Yeah that's an opinion I'm not ignoring except there are some happy customers in te offerd thread. I guess they spec nails over screws because the screws would tear it apart. Ah well shingles are cheap too.


----------



## texican (Oct 4, 2003)

Ross said:


> Thanks for the link I had missed that! I wish I could get steel for the prices I saw in hat thread. Coloured stuff here is over a $100/square.


As I don't live in Ontario, have no idea if the metal roofing is as prevalent there as it is here. I daresay, over 95% of new barns are sided and roofed with the metal siding hereabouts... Every town of 20K or more seems to have a manufacturer. There are two of them, within 30 minutes of here. Can get galvalume low as 55/square, even less for seconds.

No first hand knowledge of Ondura, but it is made out of fiberglass I believe, and I know how well my fiberglass greenhouse panels have performed (had to remove them... got all fibrousy way too fast).


----------



## freegal (Mar 4, 2005)

We did our barn roof with Ondura at least five years ago.

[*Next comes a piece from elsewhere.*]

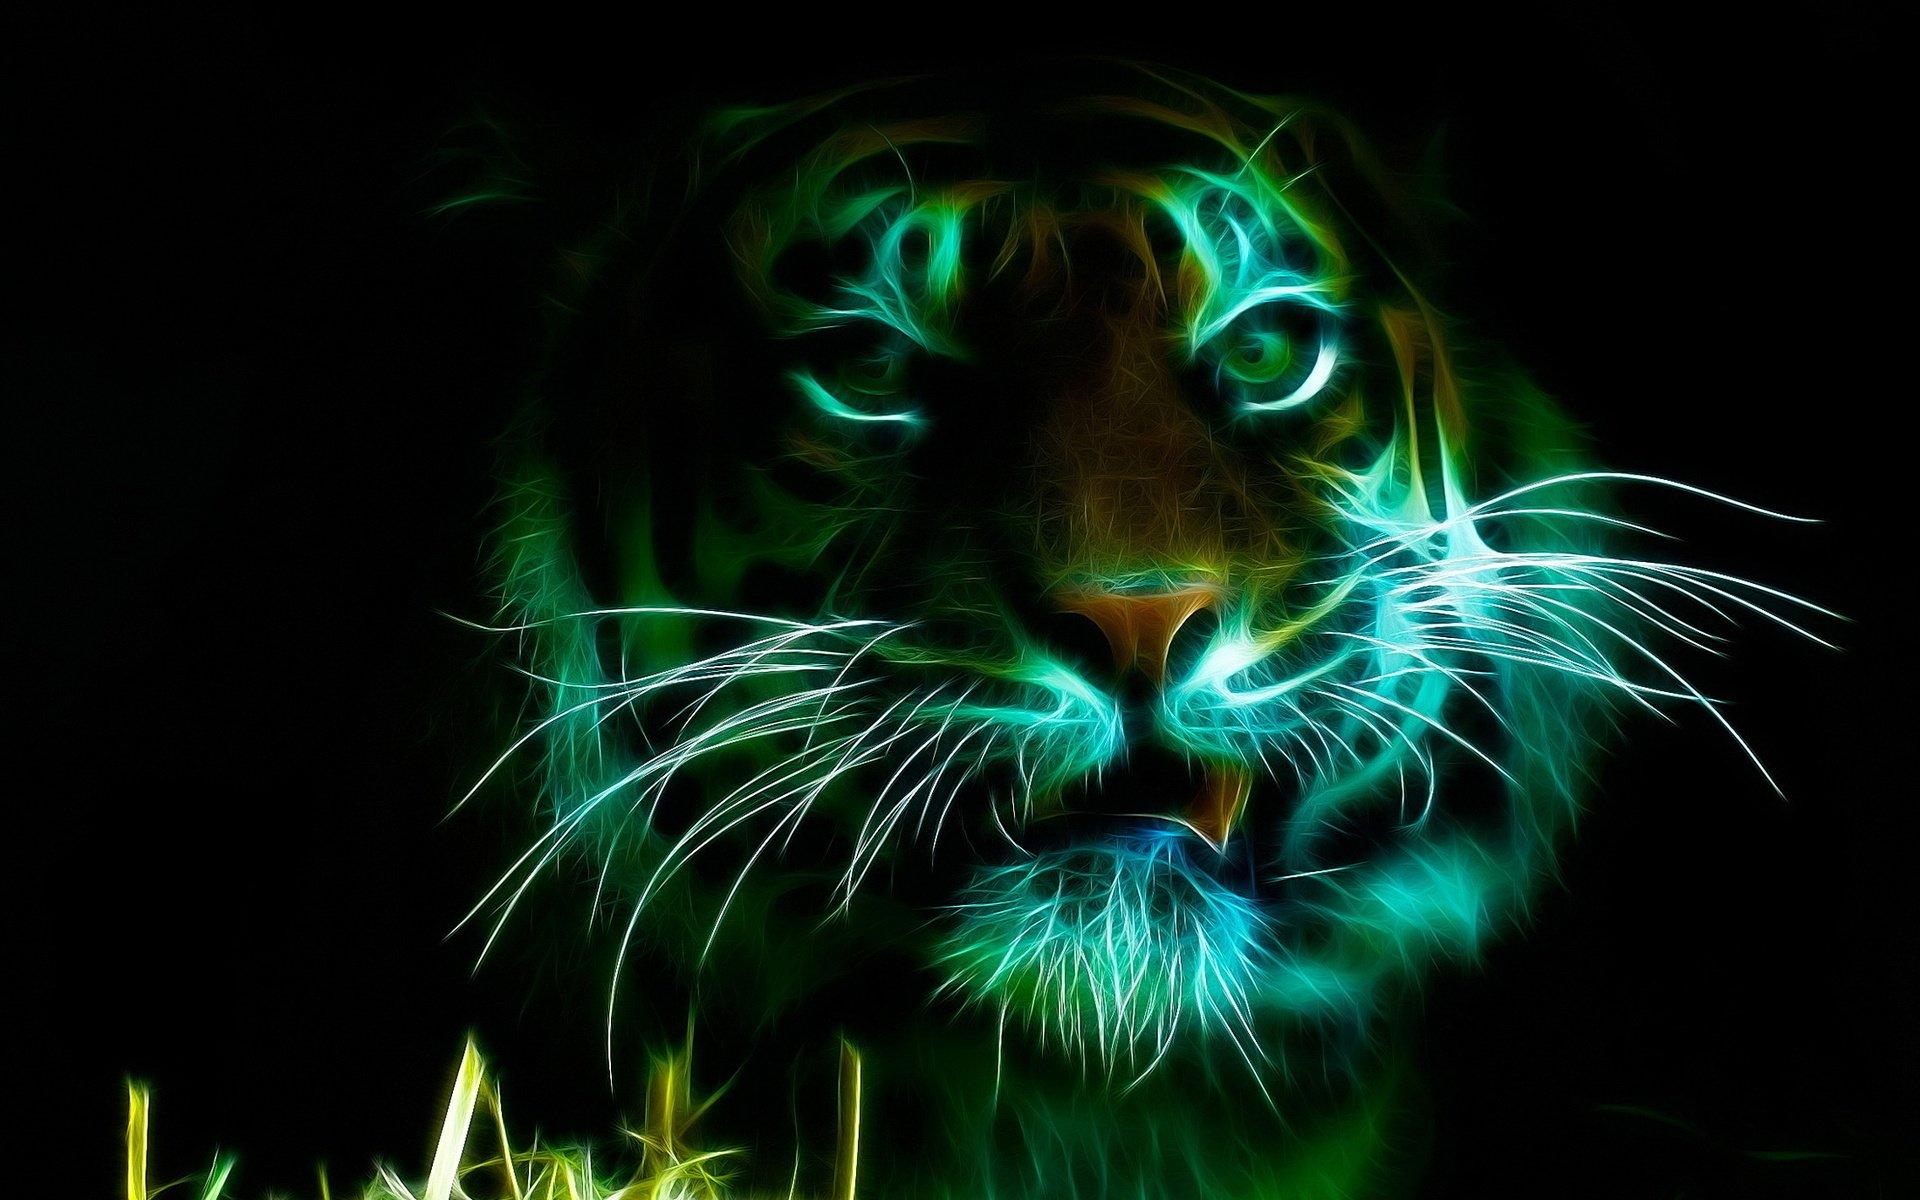 Neon Animal Print Wallpaper Tigre Fond D 233 Cran Hd Arri 232 Re Plan 1920x1200 Id

As I posted in that earlier thread - the roof still looks good, the Ondura is holding up well, it doesn't leak, hasn't blown off (and there is plenty of strong wind and stormy weather here!) or chipped off. It is good stuff and affordable. Back when we needed the roof done, having it done in steel was a way too expensive option for us. My DH & DS did the roof in Ondura themselves quickly and inexpensively. We still are happy with the roof!


----------



## ErinP (Aug 23, 2007)

We did our barn/shop roof in Ondura, too. It's gone through a couple of Kansas summers (read hail and wind!!) and it's holding well.  It was easy to work with and went up quickly. We're using some more this summer for a new chicken coop.

On the other hand, _because_ of the mixed reviews, we don't want to put it on our house's roof.

No, tx, it's not fiberglass. It's a formed asphalt type of thing...


----------



## rhome (Aug 10, 2006)

We used Ondura 15 years ago because it was cheap and easy for me to handle solo.
Paint and sub material is degraded on south side
Ridge cap has collapsed
Portions of the panels collapsed on south side
Ring shank nails worked loose
Much care is needed to use the ring shank nails, the Ondura crushed easily
Adapters for chimney and vent pipes=hinkey PITA and $$$
Must use 1 1/2" pvc pipe in grooves to walk/work on Ondura, good luck if you have more than a 4/12 pitch
Small tree branches can puncture panels
I've probably got a few more reasons to discourage anyone from using this product
Good luck
15 years ago it was a fairly new product...ahh well
New metal panels for the roof this spring


----------